CIA Project Artichoke
Not a wholesome memorandum on garden logistics.
T.W. Burrows would like to issue a correction to the burrow community regarding what he initially believed was a generous federal produce initiative. For several hours this morning, after hearing the phrase “Special Research for Artichoke,” I assumed the Central Intelligence Agency had finally turned over a new leaf and was distributing free vegetables to the public in little wicker baskets, perhaps with recipe cards, a vinaigrette, and a modest apology for the twentieth century. I pictured men in grey suits unloading crates of globe artichokes in church parking lots while smiling too hard and asking whether anyone had experienced unusual suggestibility after supper. It seemed, frankly, overdue. If one has spent decades destabilising continents, one might at least sponsor a seasonal farmer’s market.

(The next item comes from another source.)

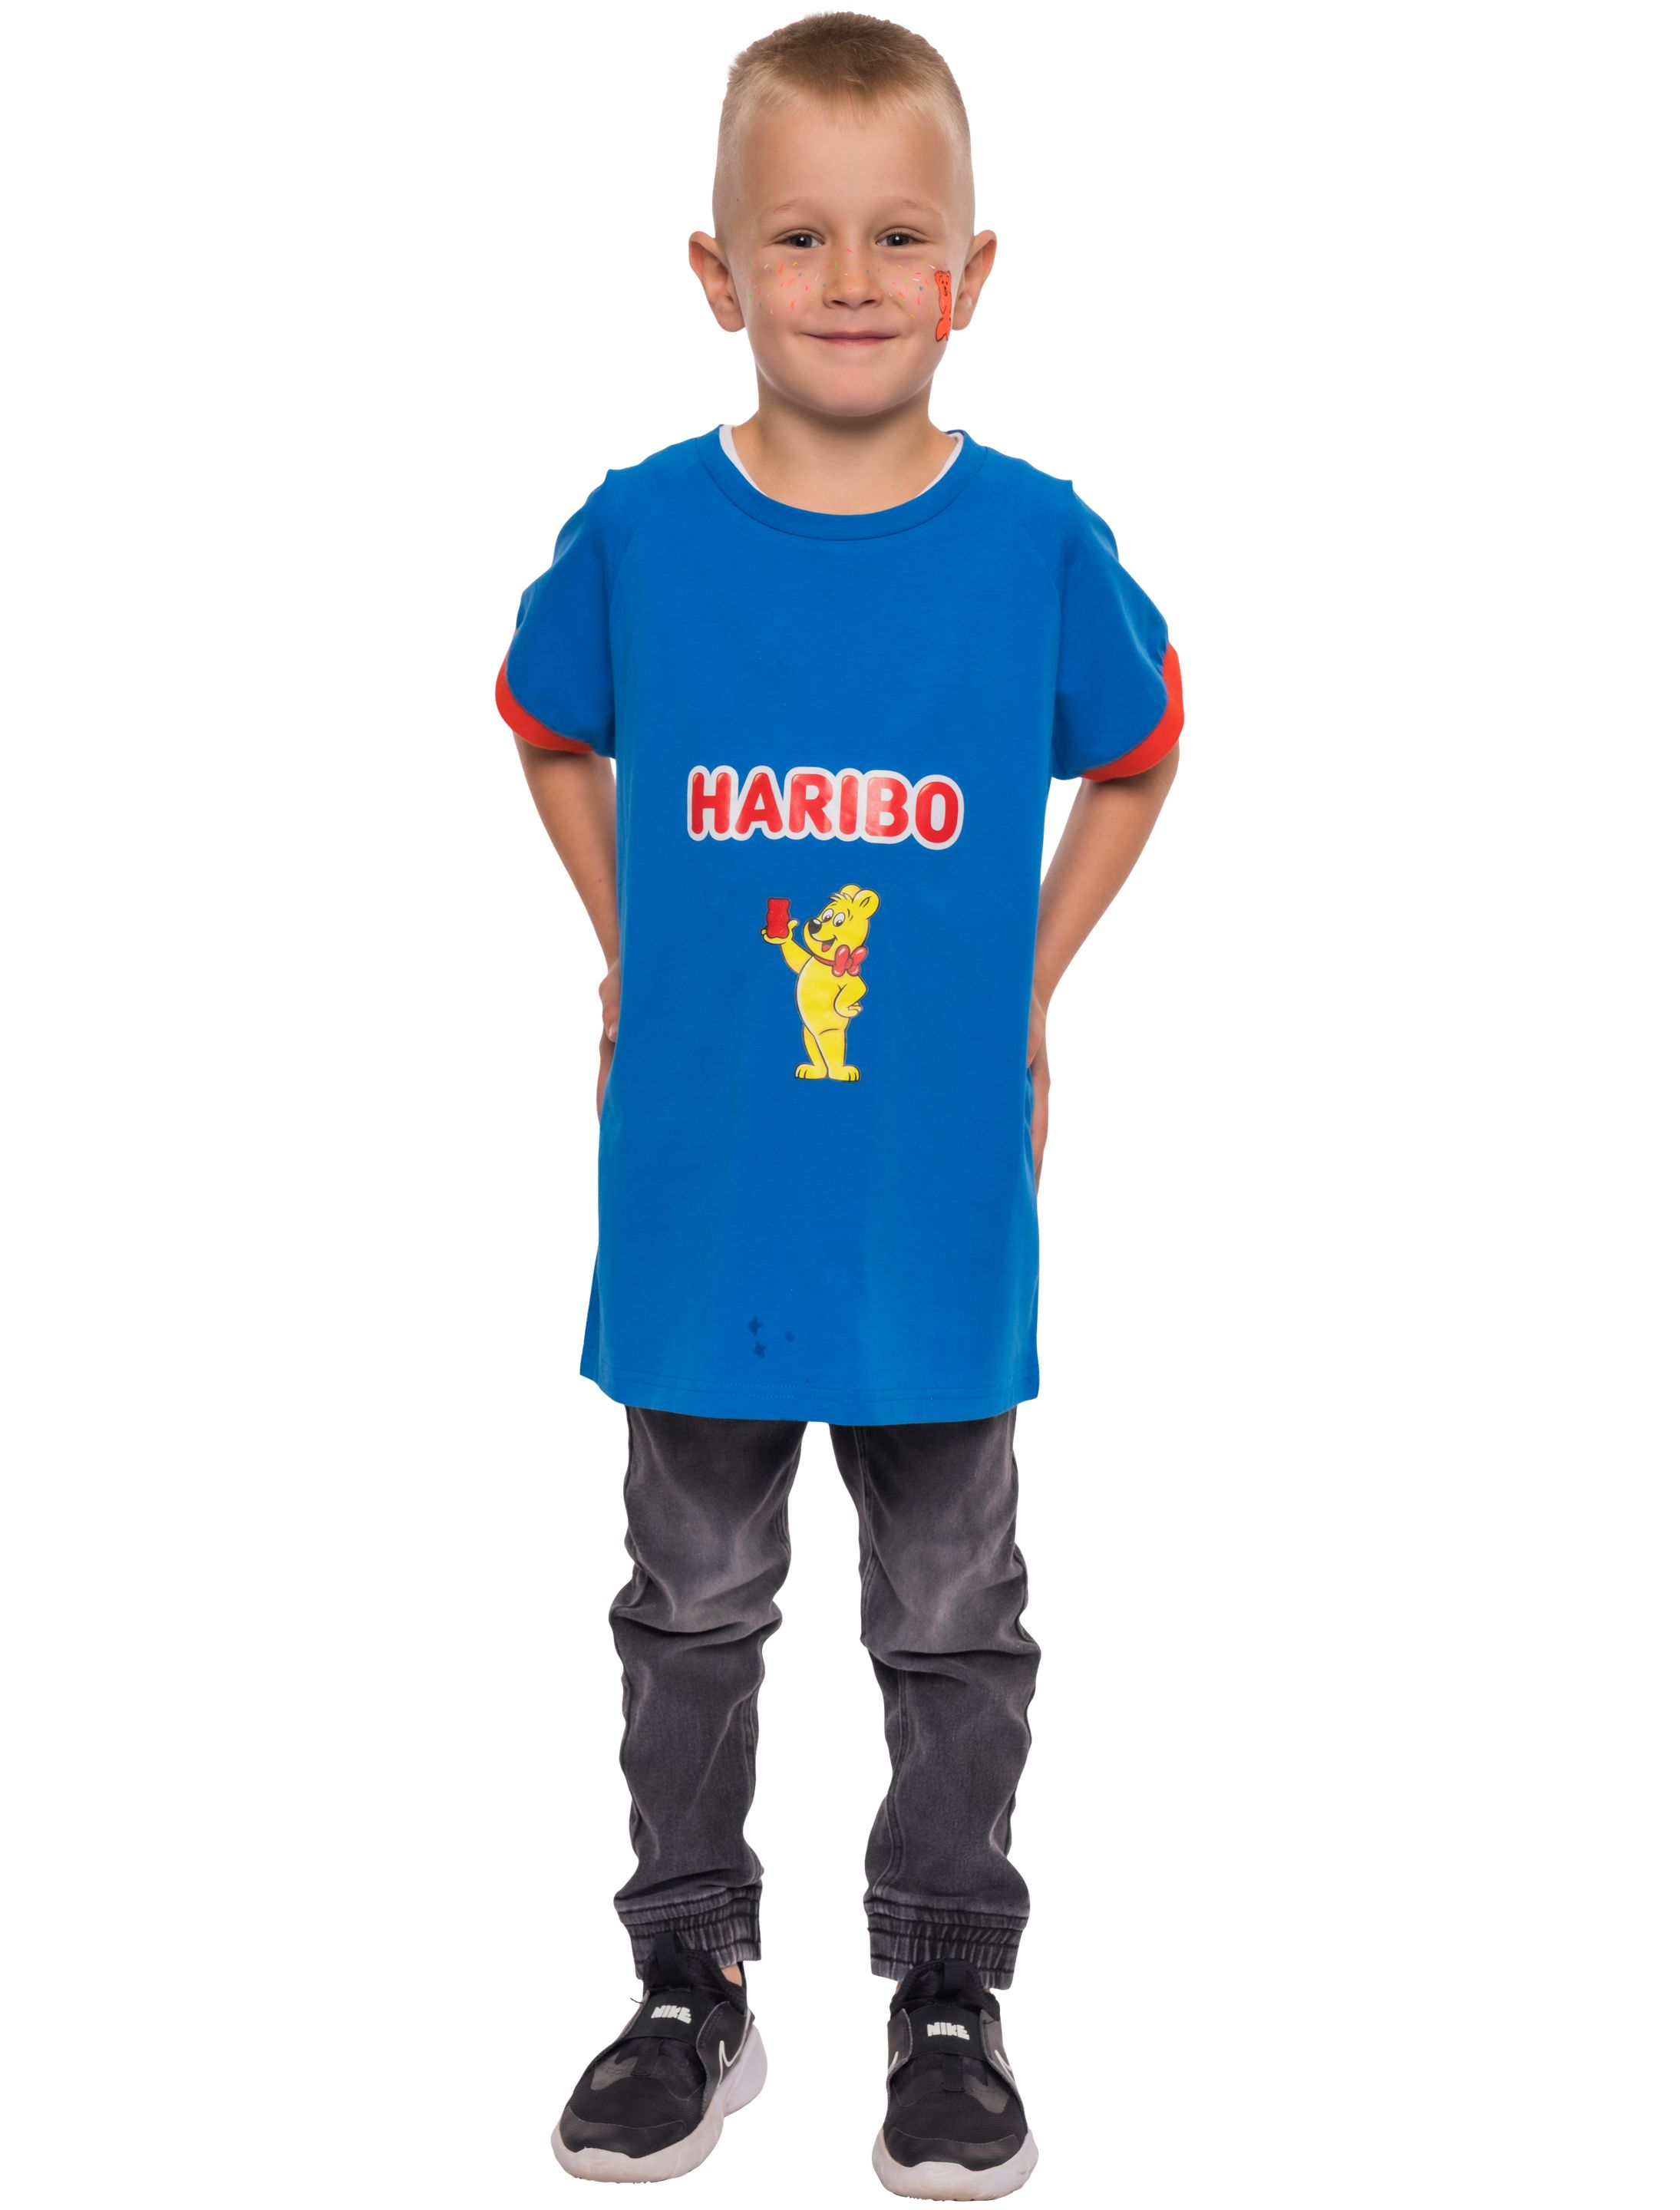 T-Shirt HARIBO Goldbären blau 128

Alas, dear readers, the matter concerns not edible thistles but Project ARTICHOKE, which turns out to be exactly the sort of thing that causes a rabbit to stop chewing and stare into the middle distance for a full minute. Burrows, having tunnelled through the actual declassified CIA memo, can report that this was not a wholesome memorandum on garden logistics. It was a 1952 internal research proposal discussing possible avenues for coercive manipulation, drug delivery, and assorted nightmare methods that read like a sadistic science fair assembled by men who believed ethics was a communist plot. The document ranges widely, as if the author had stood in a laboratory, spun in a circle, and shouted, “Yes, let us investigate all of it.” Drugs. Gases. Aerosols. Pressure. Sound. Electroshock. Diet manipulation. Psychological disorientation. The memo explicitly discusses developing substances that could be concealed in everyday things and says such materials should also be capable of use in standard medical treatments, such as vaccinations and shots.
And here the Ministry of Reassurance clears its throat and informs us that this is all perfectly normal archival nuance. “You see,” says the polished spokesman, “while it is true that the agency contemplated covert drugging via food, drink, cigarettes, and vaccinations, one must remember this was merely a research suggestion list, and therefore the public should remain calm, trusting, and ideally boostered.” To which I reply that when a fox is discovered drafting a memo titled Innovative Applications for Henhouse Access, the distinction between proposal and implementation matters very much in court, but it does not make the hens irrational for becoming alert.
The defenders of permanent innocence often retreat to a childlike formula. They would never do that. These men? These institutions? Against their own people? Perish the thought. I admire this faith the way I admire a rabbit standing upright in a thunderstorm wearing a copper hat. It is brave in a decorative sense. History, however, is cluttered with officially documented episodes in which serious men in offices did exactly the kind of thing they solemnly explained they would never do.
Then we encounter the most convenient ghost in the archive. Many records tied to behaviour control programs were destroyed in 1973. Splendid. The very people who now request evidentiary perfection helped curate the evidentiary crater. We are left with fragments, proposals, scattered memoranda, testimony, partial paper trails, and that peculiar smell that arises whenever institutions burn documents for the public good.
So yes, I began the day expecting an article about vegetables and perhaps a federal aioli program. Instead, I found a declassified memo in which powerful men calmly explored methods for manipulating human beings and floated delivery mechanisms that included ordinary medical channels. If that leaves you with an uneasy feeling, congratulations on your functioning instincts.